▶ EXERCISE DESCRIPTION
Drop every picture, then print the rest of the listing exactly as given.

▶ GIVEN MATERIAL
== Segment start ==

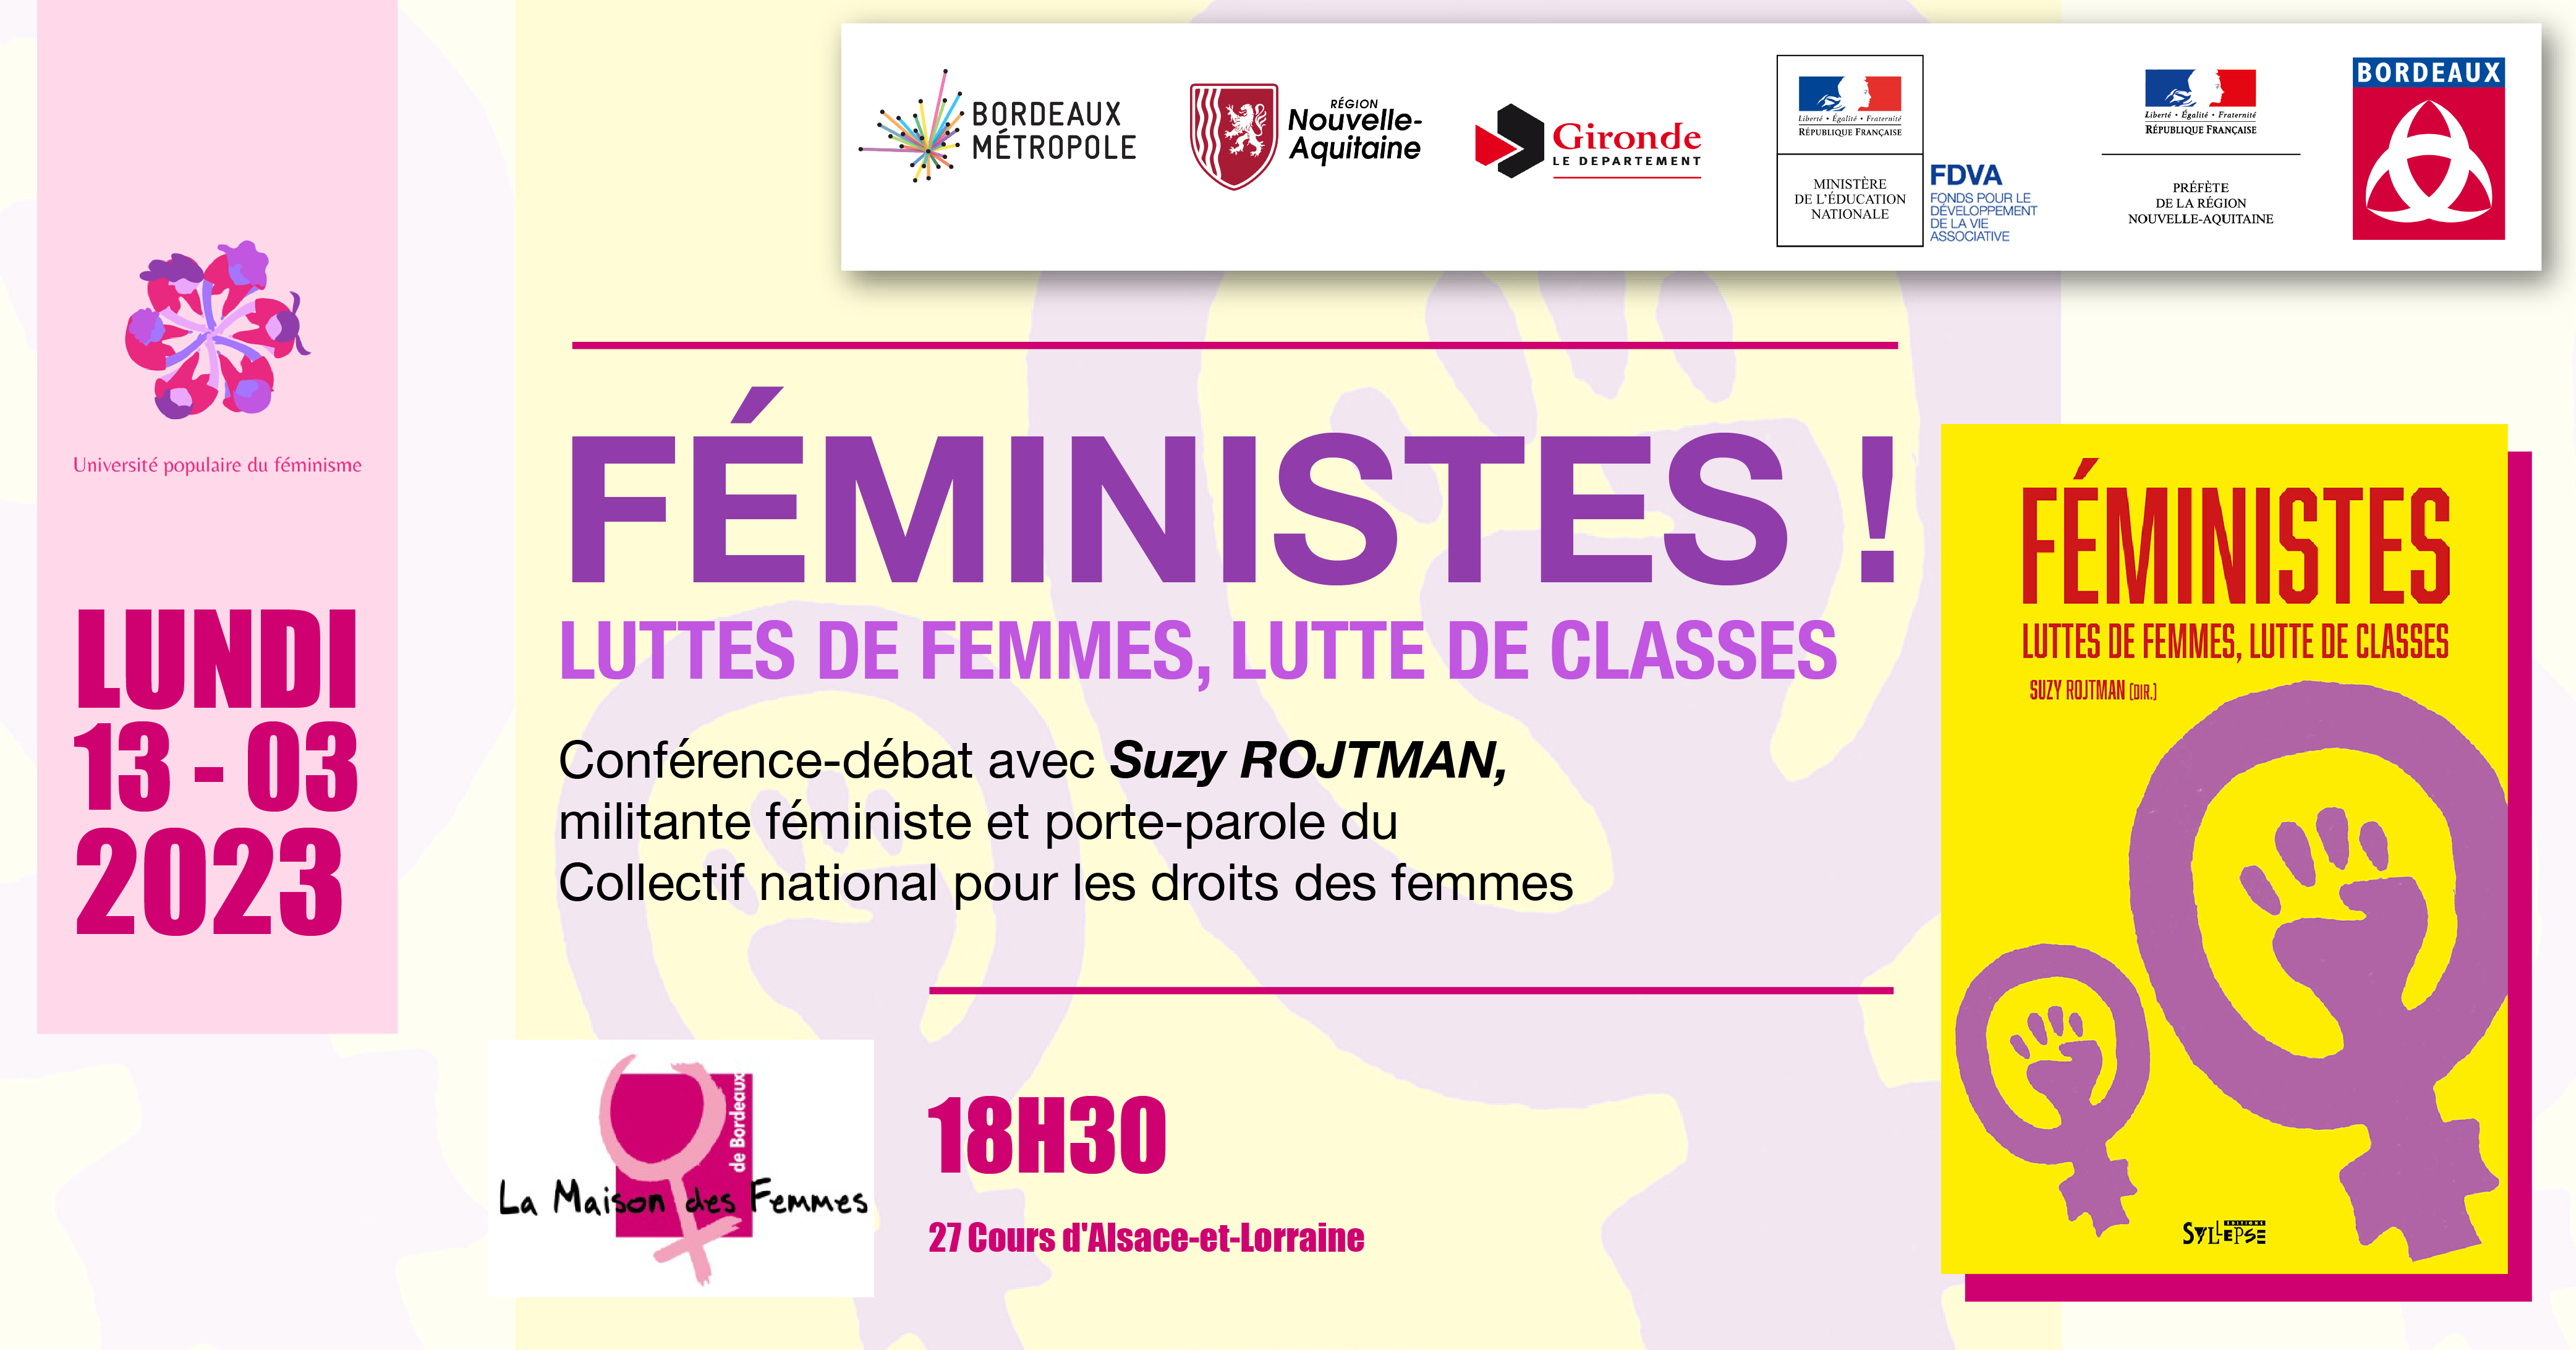 « FEMINISTES ! LUTTES DE FEMMES LUTTE DE CLASSES » conférence- débat avec Suzy ROJTMAN
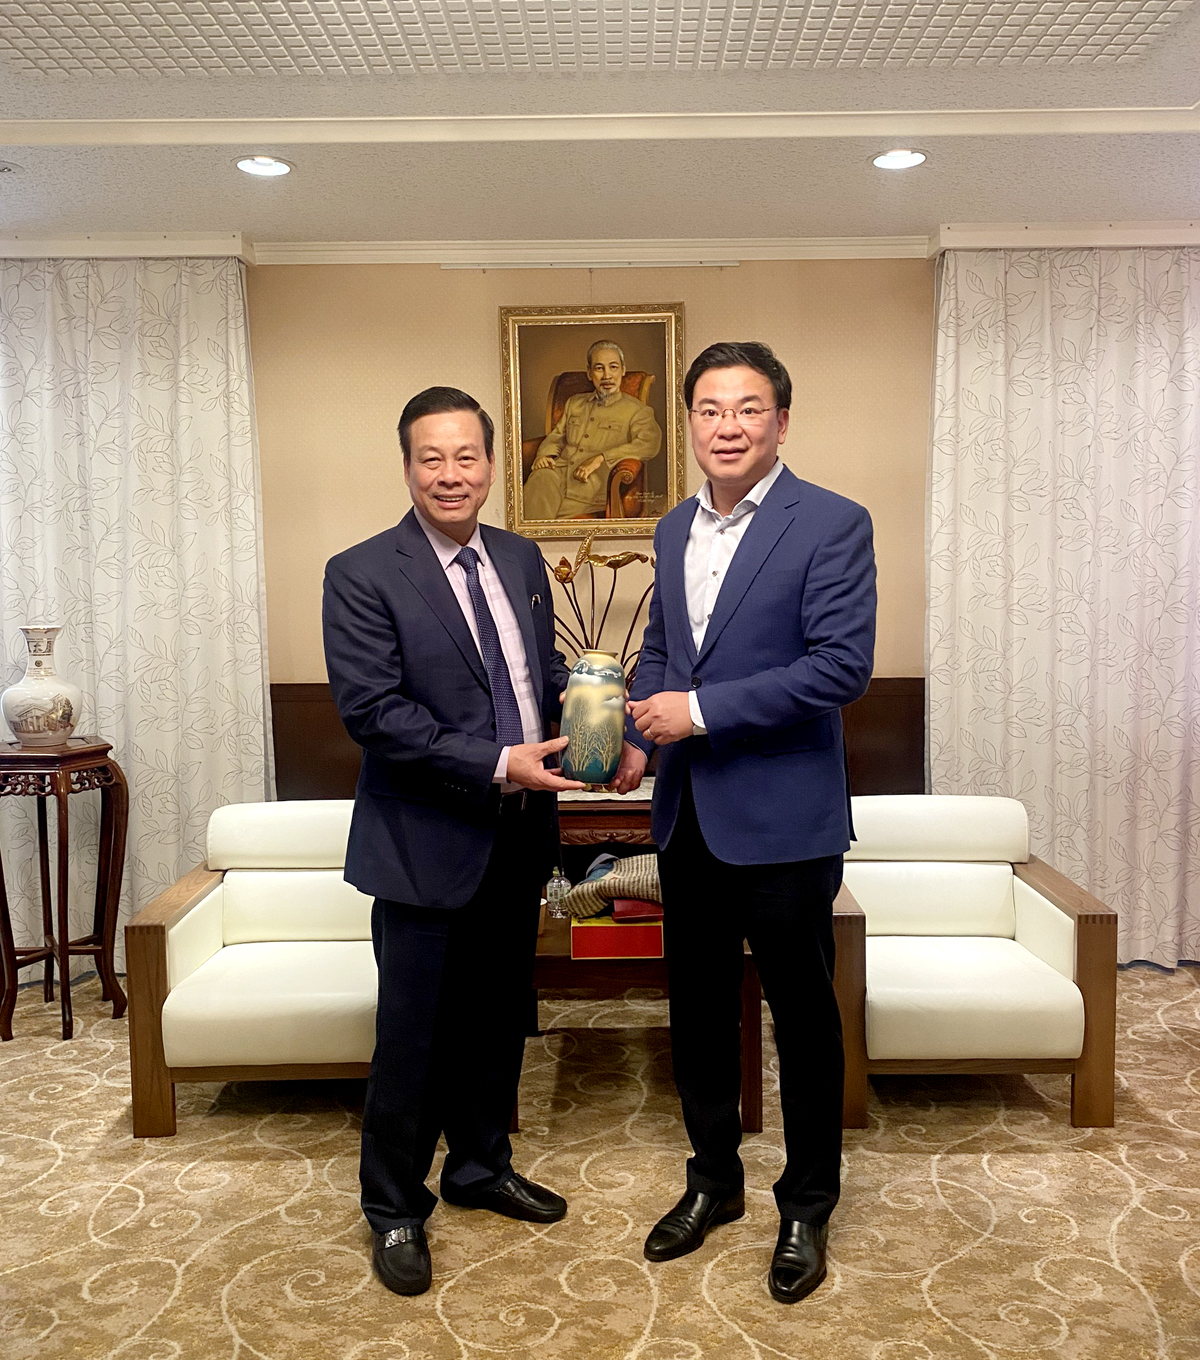 Đồng chí Phạm Quang Hiệu - Đại sứ đặc mệnh toàn quyền Việt Nam tại Nhật Bản tặng quà Chủ tịch UBND tỉnh Nguyễn Văn Sơn.
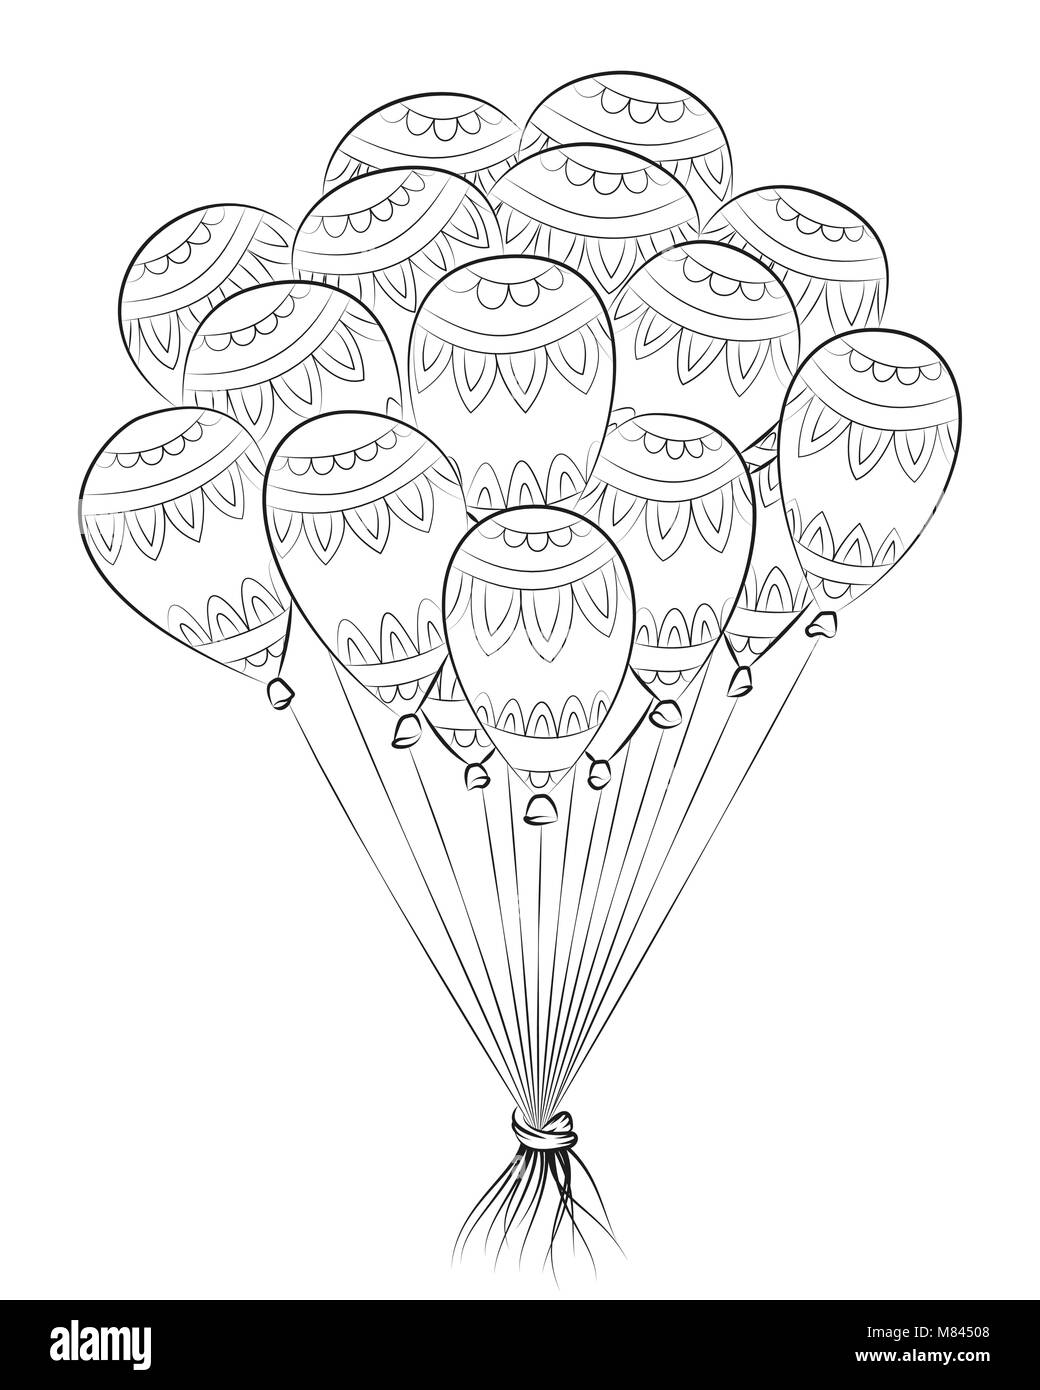 Tangle Zen Ballon Joyeux Anniversaire Zentangle Illustration Vectorielle Livre De Coloriage Pour Adulte Avec Des Boules D Air Image Vectorielle Stock Alamy

== Segment end ==

▶ ANSWER TO THIS EXERCISE
 « FEMINISTES ! LUTTES DE FEMMES LUTTE DE CLASSES » conférence- débat avec Suzy ROJTMAN
 Đồng chí Phạm Quang Hiệu - Đại sứ đặc mệnh toàn quyền Việt Nam tại Nhật Bản tặng quà Chủ tịch UBND tỉnh Nguyễn Văn Sơn.
 Tangle Zen Ballon Joyeux Anniversaire Zentangle Illustration Vectorielle Livre De Coloriage Pour Adulte Avec Des Boules D Air Image Vectorielle Stock Alamy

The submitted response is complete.